When swooping on its prey one of the owl’s outer toes can be brought around so the four talons grip from four different directions. Large amounts of indigestible fur, feathers and bones are swallowed but once or twice a day these items are regurgitated, in tightly-packed pellets. Researchers can often learn a lot about animals living in a particular area by examining these pellets; bones of the rarely-trapped prehensile-tailed rat are the only indication that it is more common than sightings would suggest.

 In addition to their excellent hearing, owls have, like other birds of prey, much better vision than humans. The owl’s eye is packed with rod cells which are sensitive to low light levels and its large pupil means that an image is about two and a half times brighter to an owl than to a human. Hawk owls, such as the Boobook Owl, have incomplete facial discs and very large eyes, and so have relatively better night vision than hearing (Compared to the heart/disc shape faced owls). They hunt by perching, looking and diving, then carrying their prey in their talons and tearing it up before eating.

Because insects form a large part of its diet, nesting begins in spring which can be any where from August till February, although most activity occurs during October. As breeding time approaches, pairs of boobook’s establish their nesting territory with much territorial hooting, particularly after dusk and before dawn. Like other Ninox owls, each mated pair courts side by side on a perch, bubbling, purring, nibbling and preening one another. The nest, normally built by the male and attended to by the female, is a living or dead tree hollow 3 – 25 m above the ground, which is usually sparsely lined with wood shavings, leaves and small twigs, but may be left bare as well. It should always be remembered that dead trees are as important as live ones, as they are the home for a wide range of mammals and birds. Once cleared, it may take hundreds of years for a tree to form such hollows.

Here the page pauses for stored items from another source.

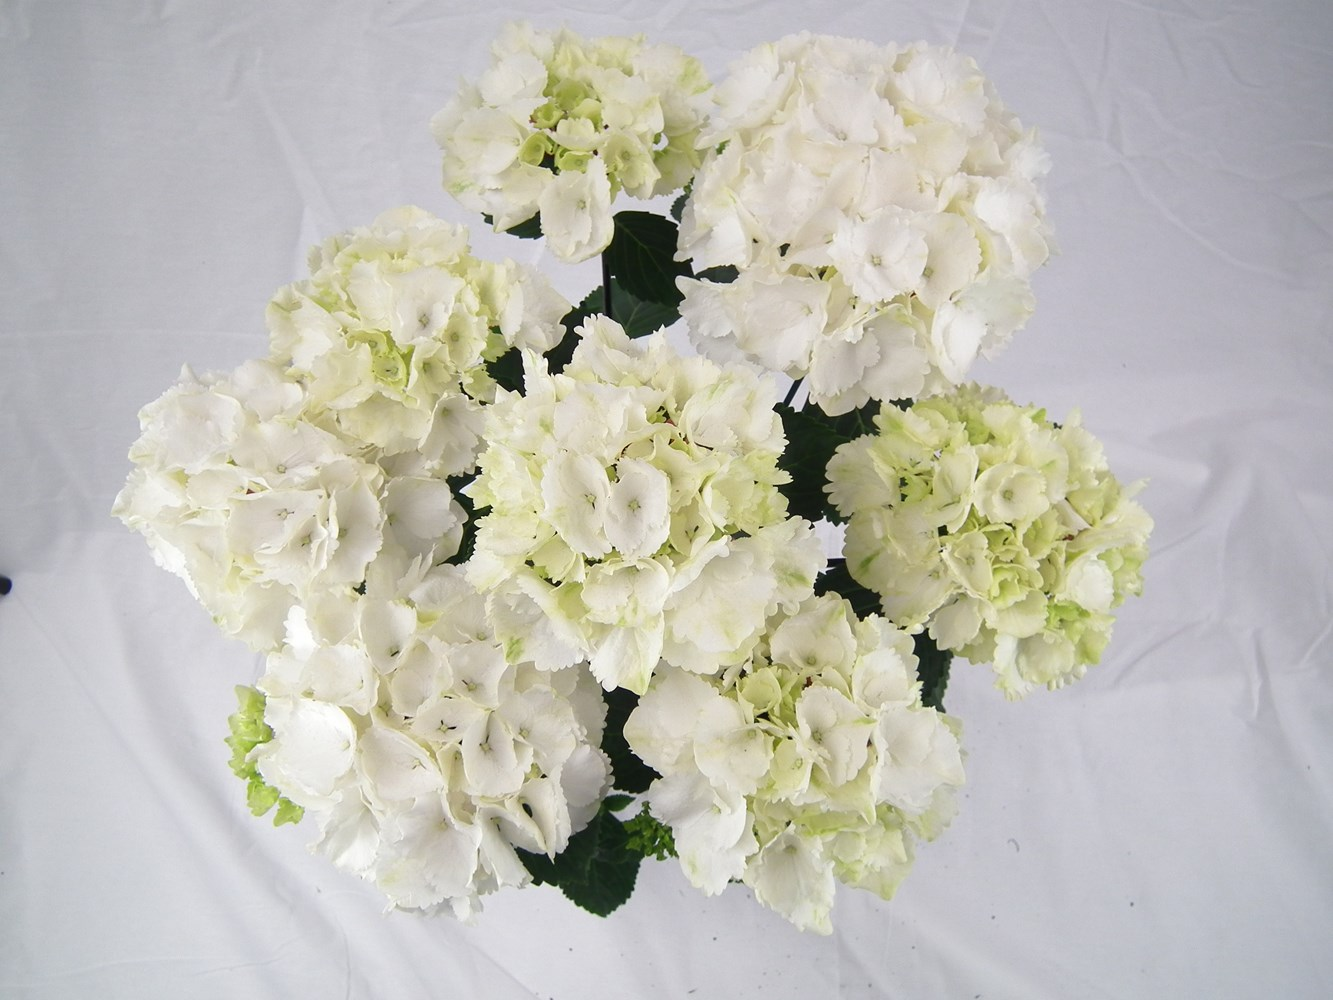 Website/Plants/2144398572/Images/Gallery/h_whiteknight_02.0.jpg
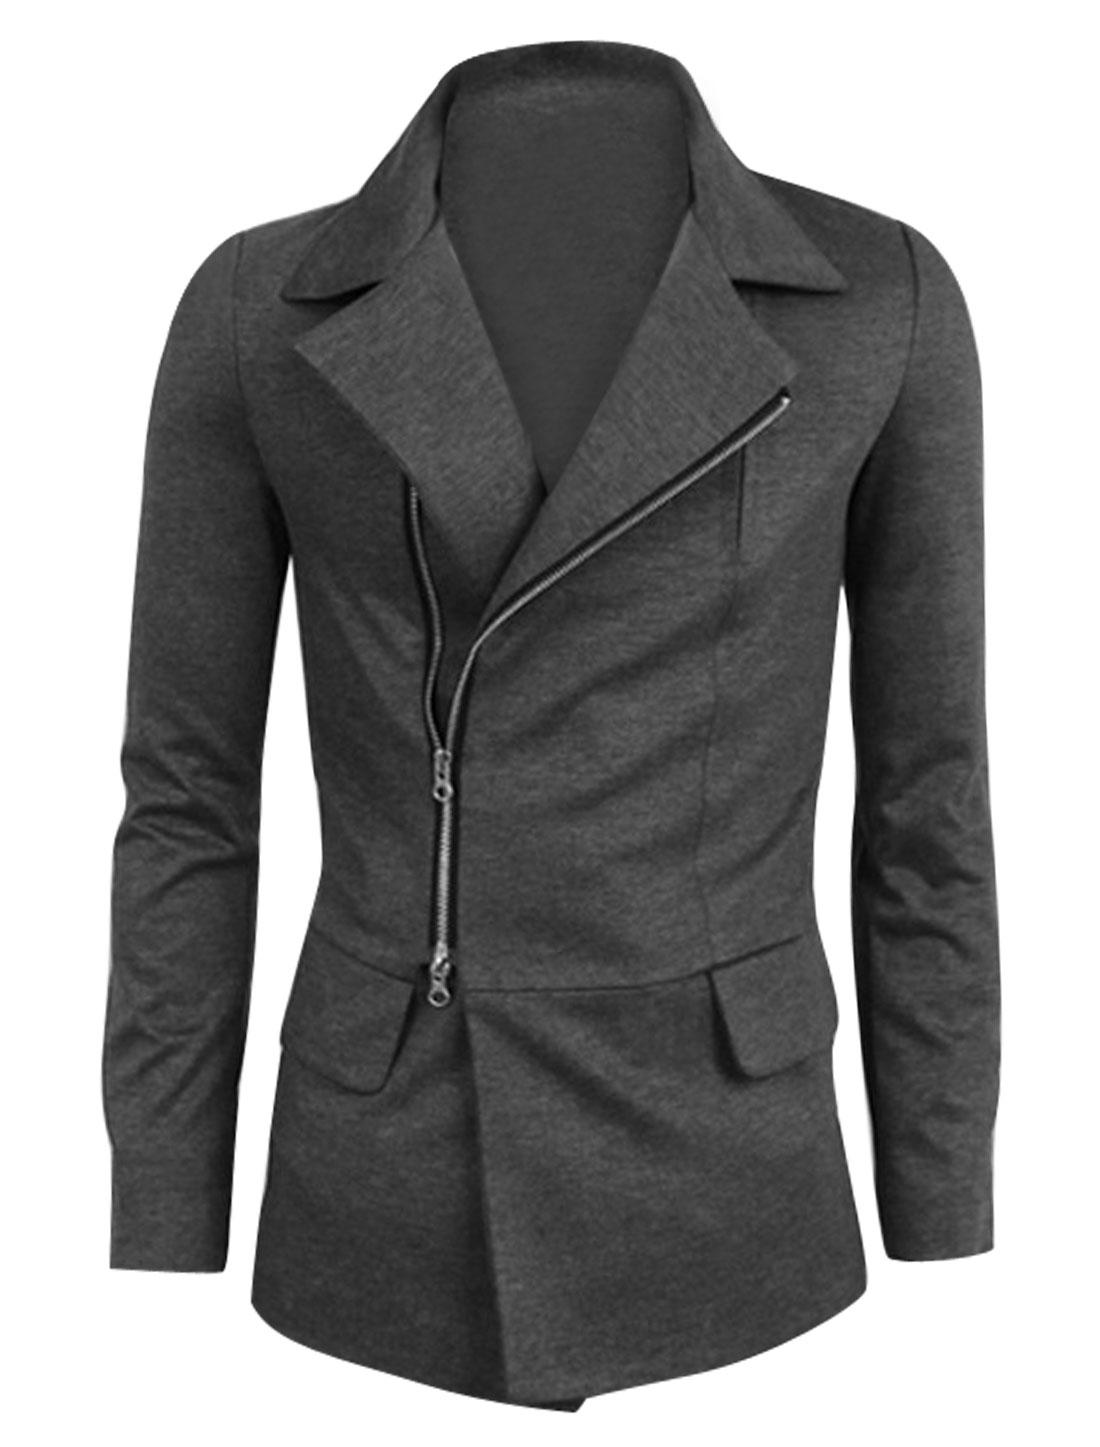 Men Convertibal Collar Flap Decor Full Zip Casual Jacket Dark Gray M
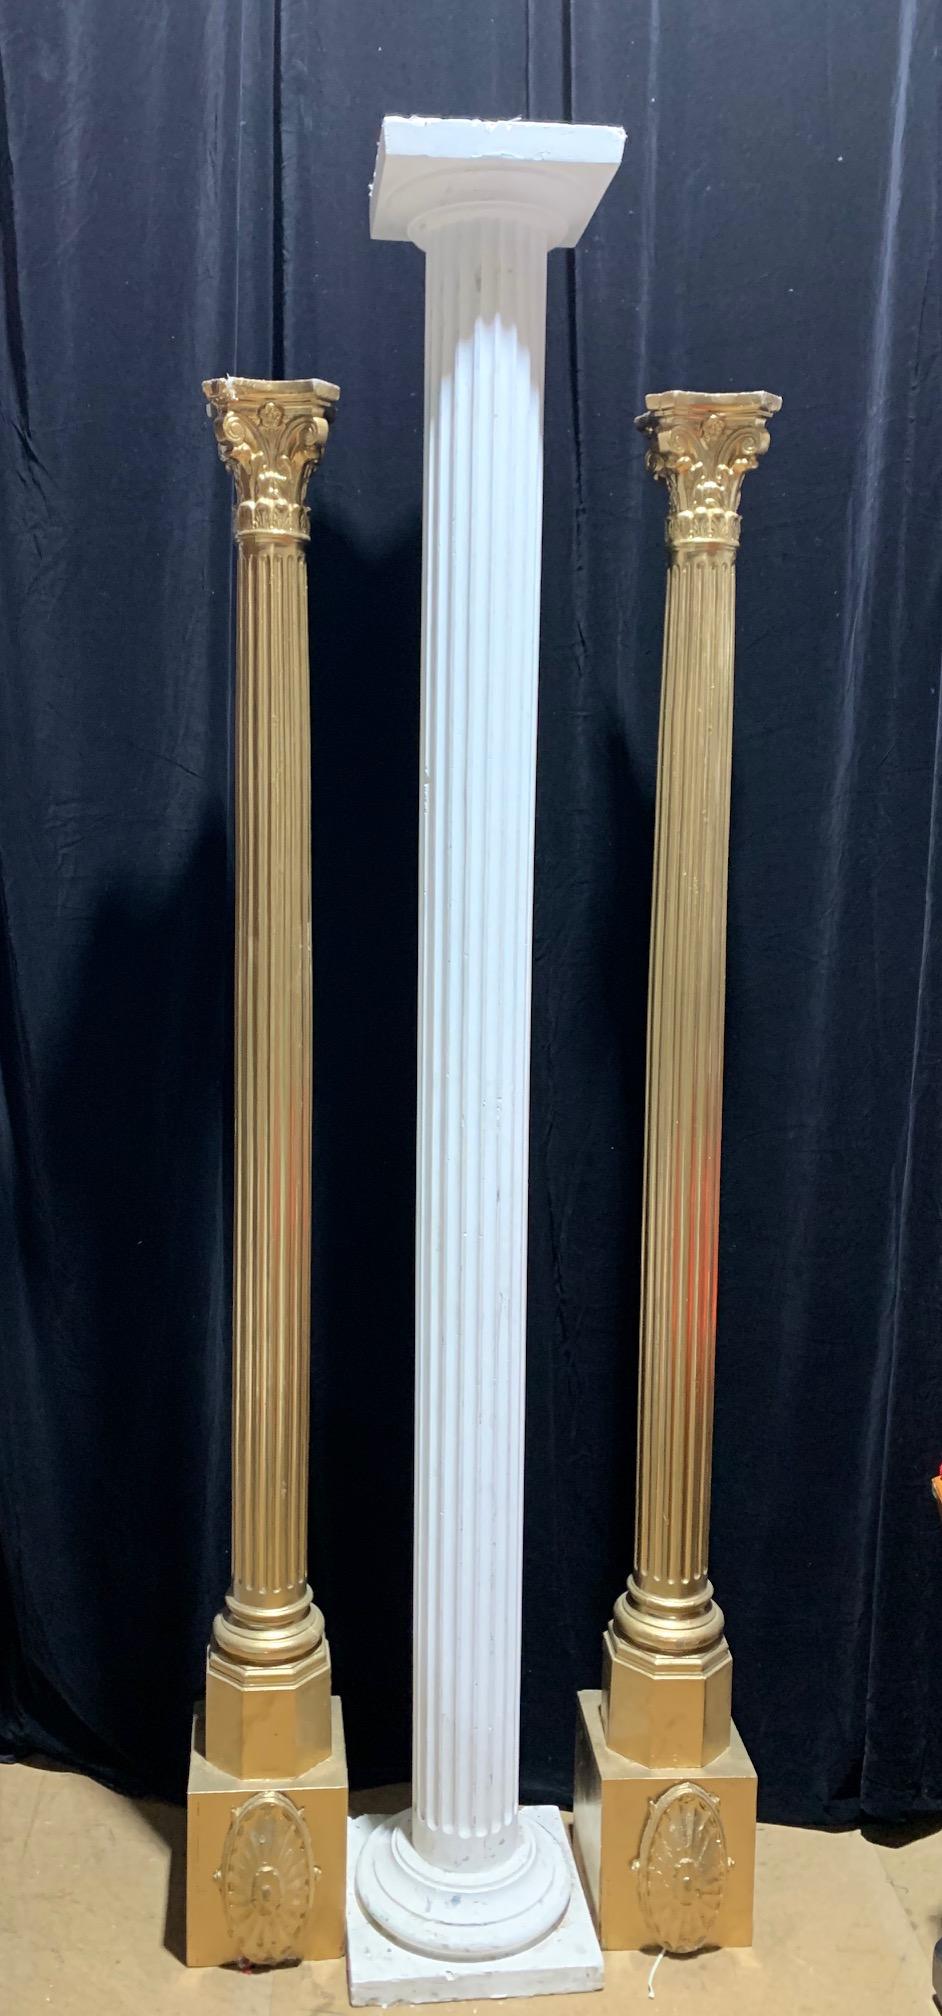 Slender Ribbed Columns - Prop For Hire
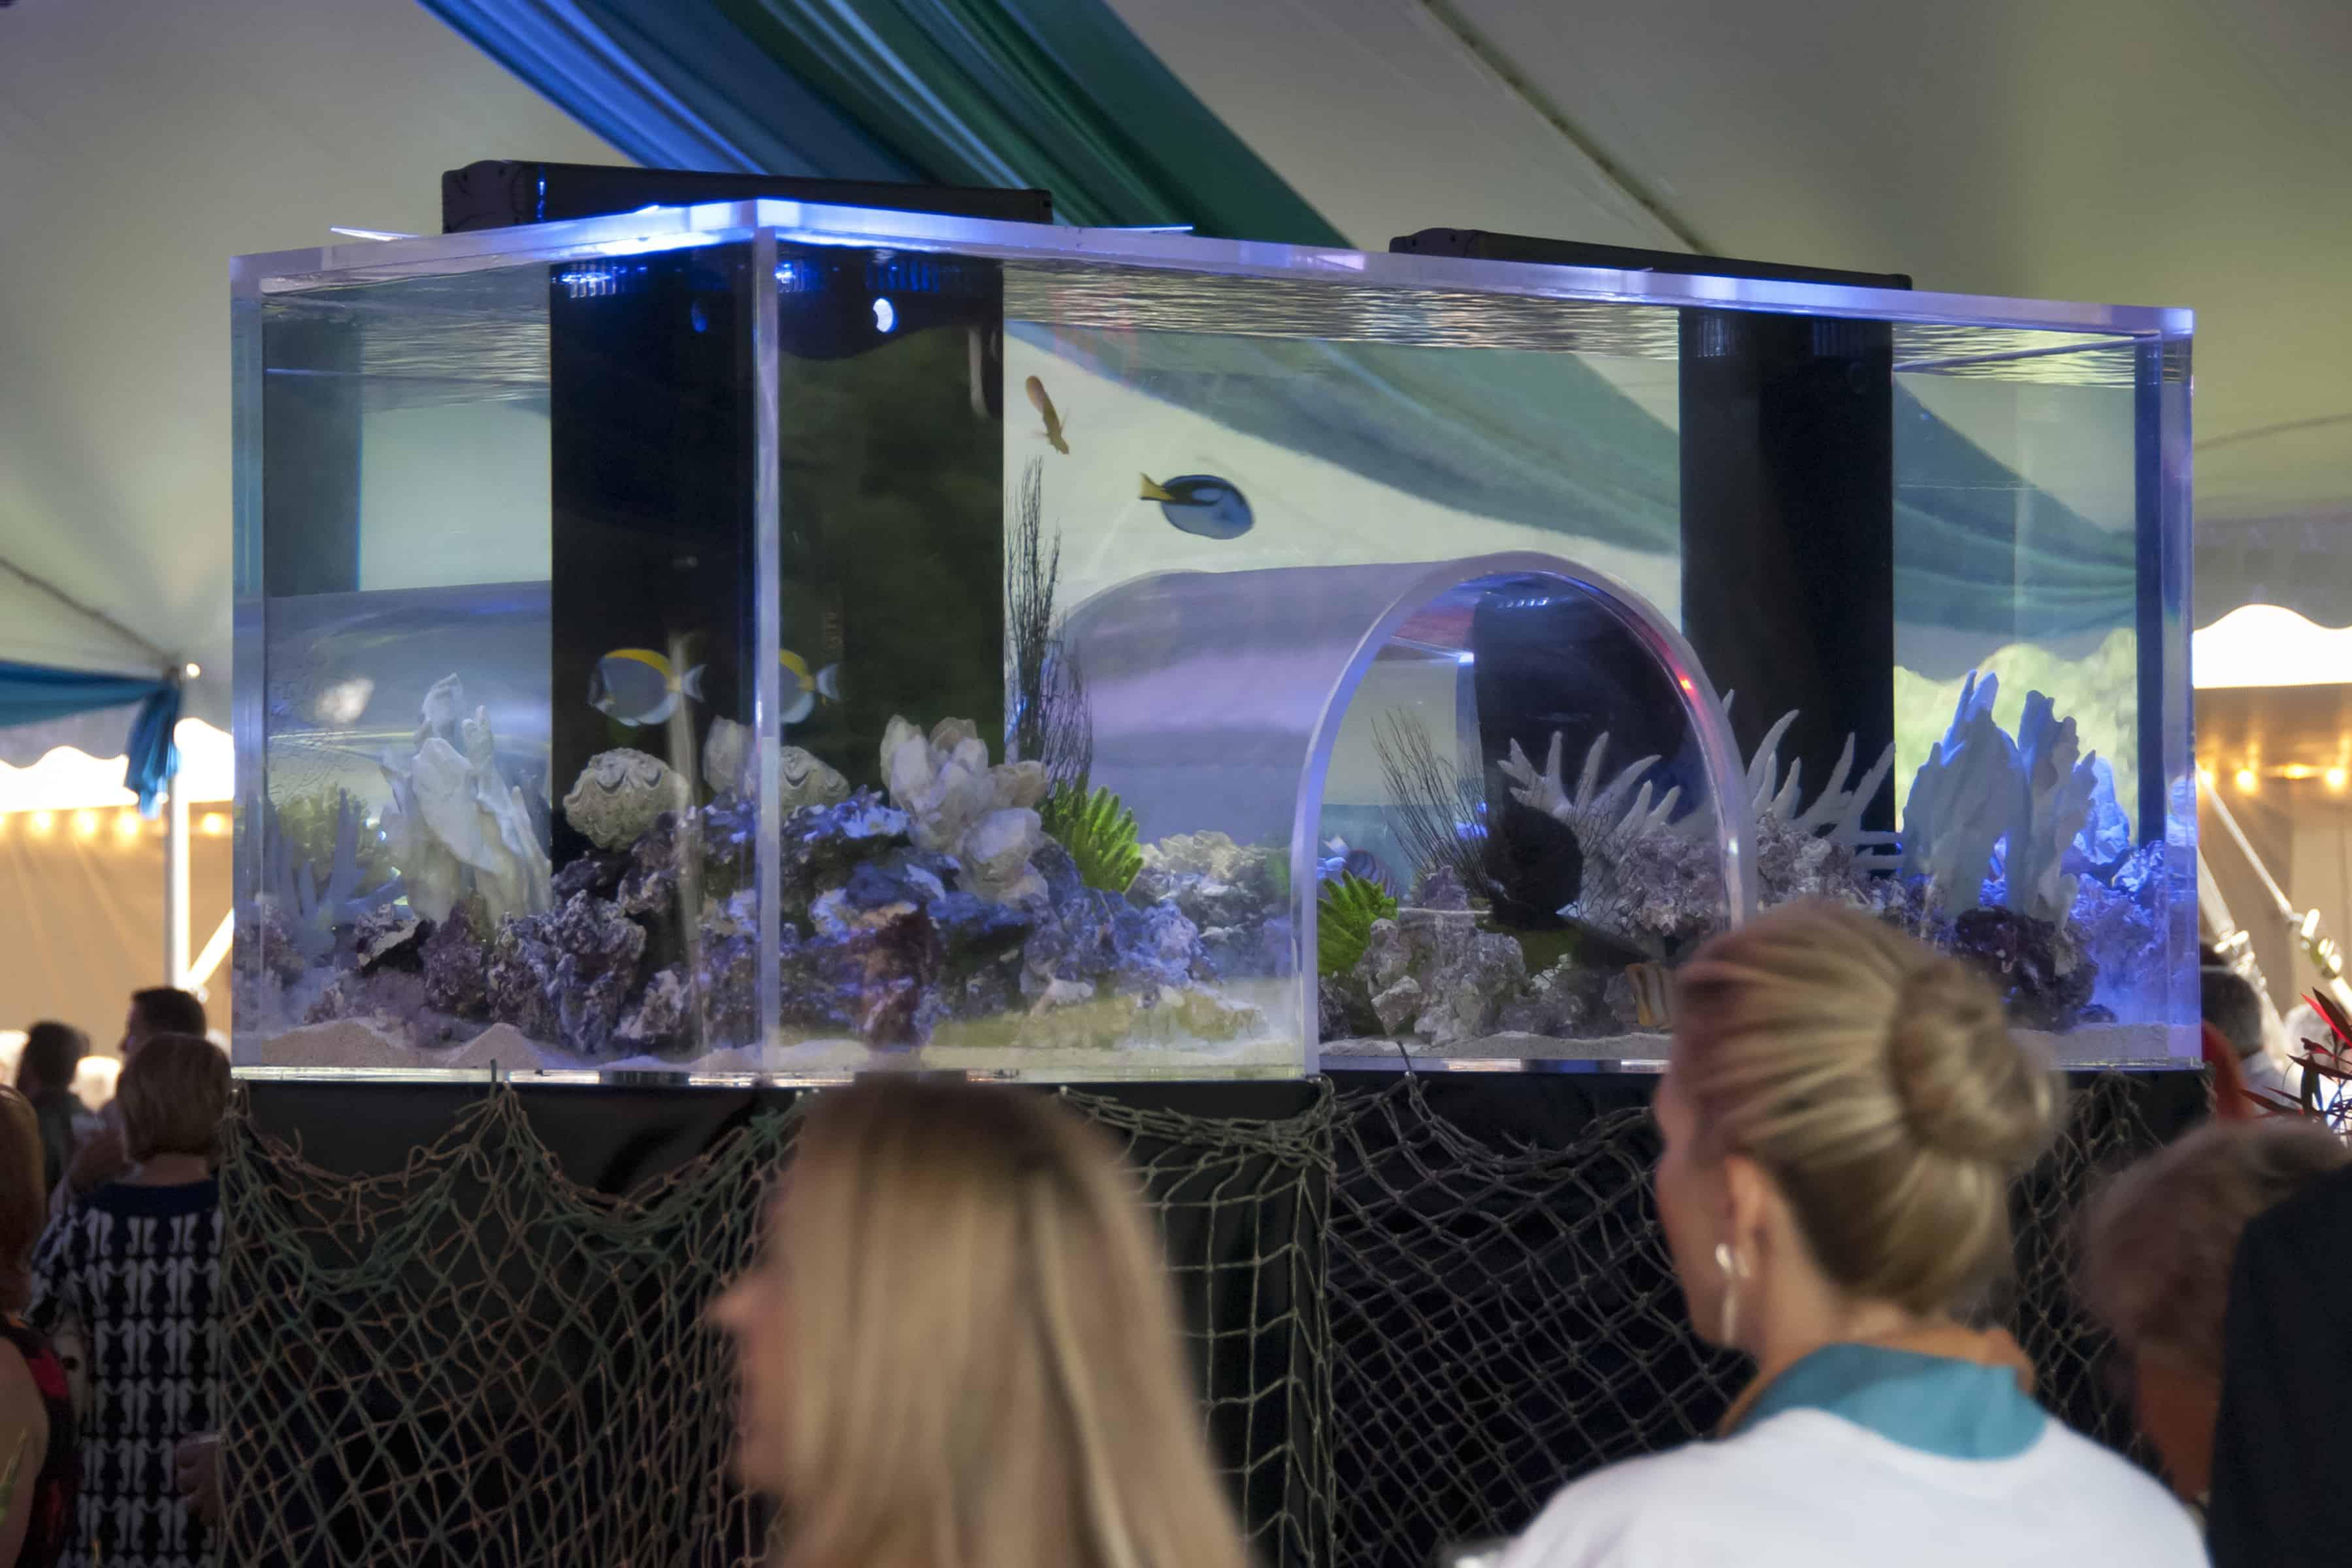 Aquarium Store Near Clifton Park Ny Aquarium Store Near

Having only one brood per season the female lays 2 – 5 (usually 2-3) round pale white eggs at 2 – 3 nightly intervals. She alone incubates the eggs for 26 – 33 days being fed by her mate, but after the chicks have hatched both sexes, and sometimes a second female helper, will feed the young birds, who are born altricial and are completely dependent on their parents. The baby birds stay in the nest until they are five or six weeks old when they fledge and leave the nest but will remain with their parents being fed for another 2 – 3 months when they are ready to hunt on the own.

There are twenty four diurnal raptor and ten owl species native to Australia.  Whilst owls are not taxonomically classed with the diurnal raptors, or birds of prey, they share many of the physiological characteristics, requirements and traits of diurnal raptors.  They have hooked bills, are carnivorous and, most significantly, use their powerful feet to catch and kill their prey.  They fill an equivalent niche in the environment, and for all practical intents and purposes may be considered “raptorial” by nature.